When you exercise, your core body temperature rises from the work your muscles are doing. Blood is diverted to the skin (and you go a bit red) where body heat can be radiated away. Sweating helps this process by removing heat as it evaporates from your skin. If the ambient temperature and humidity is high, then the blood cooling process is slowed, sweat evaporates slower, and it becomes harder to the body to regulate it's core temperature. Also, while the blood is being cooled in the skin, it's not feeding vital oxygen to the muscles that you are working, meaning you will fatigue much faster. Counter this by working harder in shorter bursts, and take frequent breaks to allow your body to cool while you grab a drink.

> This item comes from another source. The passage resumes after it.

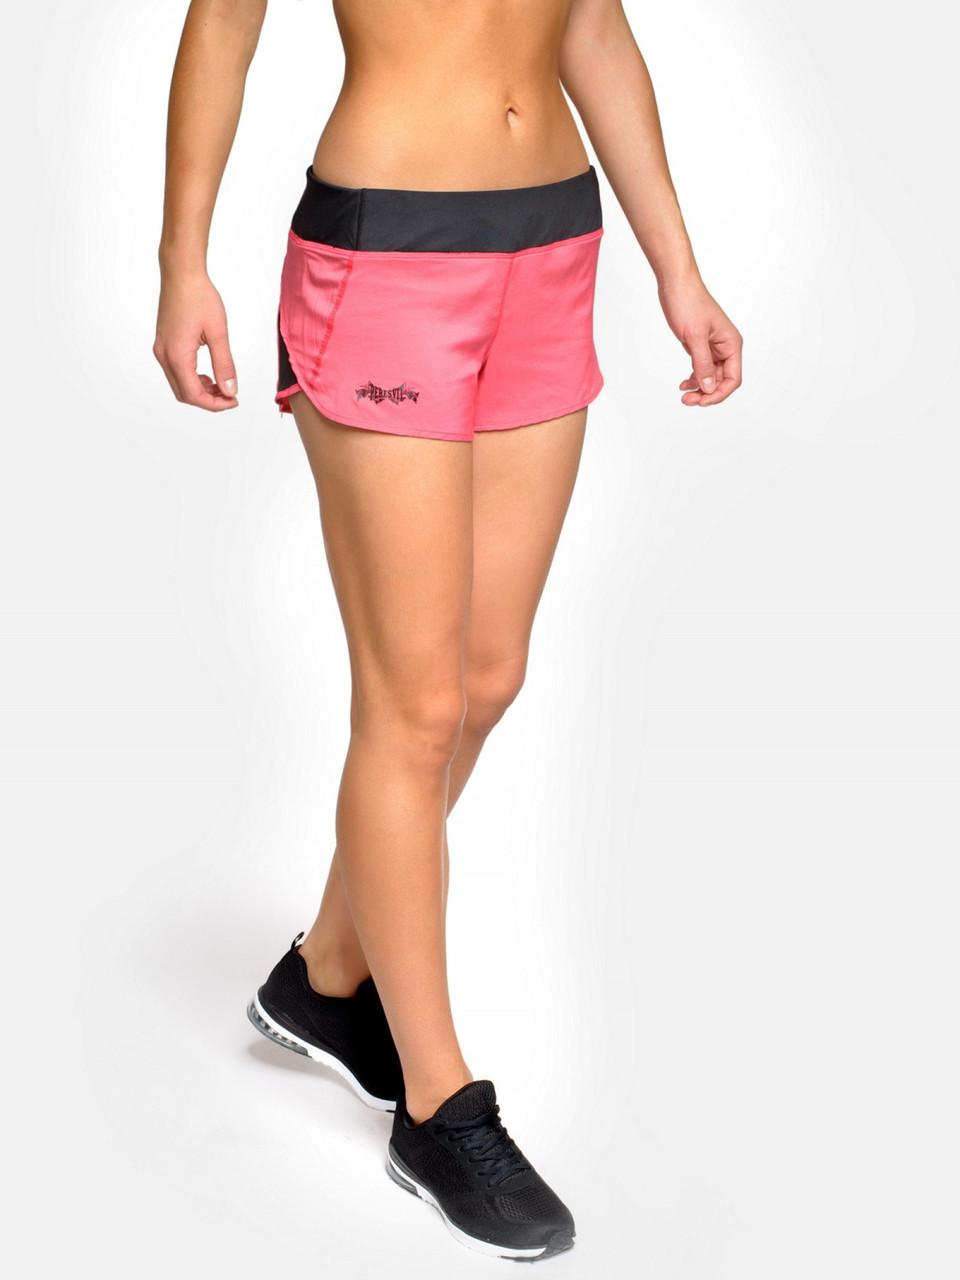 Спортивные шорты Peresvit Air Motion Women's Shorts Raspberry

The average person will sweat between 0.8 & 1.4 litres during an hour of exercise, that's about 1 ½ to 2 ½ pints in old money. You know that 500ml water bottle you have in your kit bag? In hot weather it's not going to be enough. As your body loses fluid, your blood volume decreases and it is able to carry less oxygen to your muscles, and when some of your blood is already going to the skin to regulate body heat, your muscles will start to ache and cramp up much faster if you are dehydrated. Make sure you drink plenty of water throughout the day and especially in the hour before you exercise so that you begin your workout well hydrated, and replace lost during your training fluid by taking regular drink breaks.

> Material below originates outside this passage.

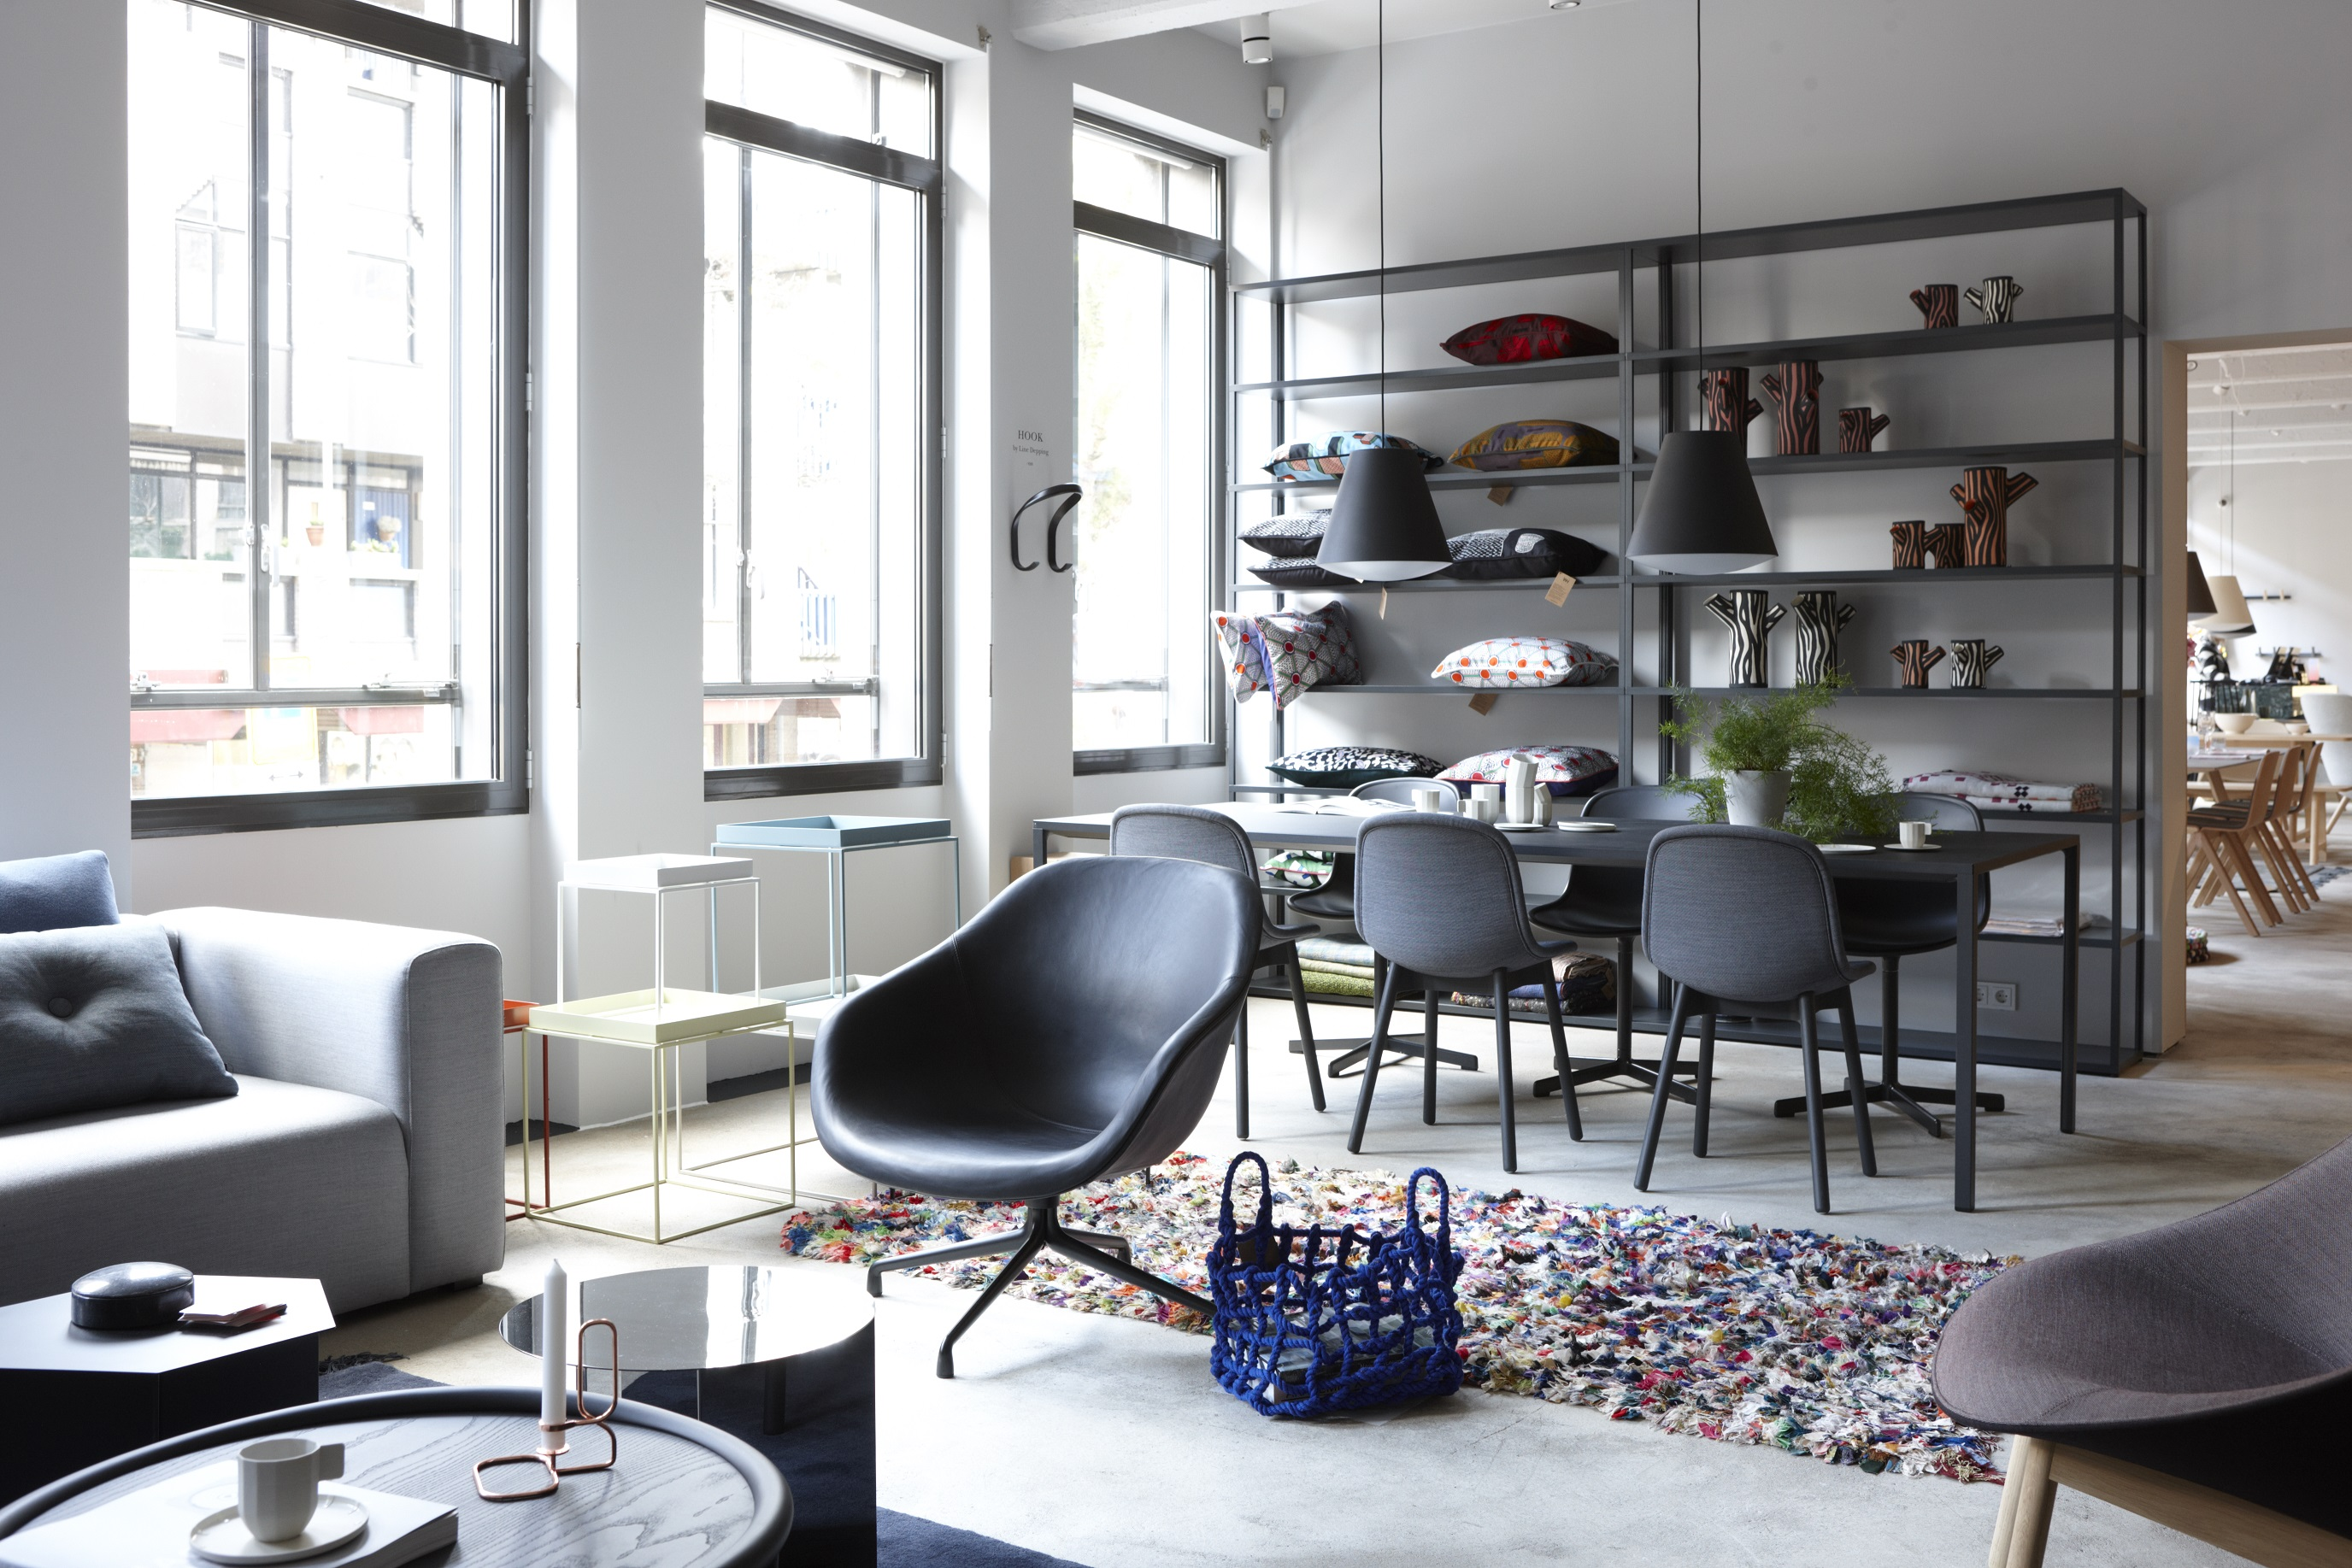 10 mooiste interieurwinkels in Nederland   MAN MAN

Through sweating you not only lose fluid but also electrolytes. Electrolytes are nutrients that carry electrical signals around the body, regulating heartbeat, triggering muscle contraction and transmission of nerve impulses amongst other things. An electrolyte deficiency in the body can slow your reactions, and cause nausea and muscle cramping. Don't believe the marketing hype of sugary 'ade' sports drinks, water is best for keeping you hydrated, and a healthy diet best for replacing nutrients.
Listen to your Body
If at any time during your training you feel nauseated, light headed, dizzy, cramping, or have an irregular/weak/unusually high heart beat, STOP.
There are no medals for putting yourself in hospital, and no-one will think you're a hero for collapsing in the middle of a training session. Take a break, lower your body temperature, take on fluids, fuel yourself correctly and get back to it when you are ready.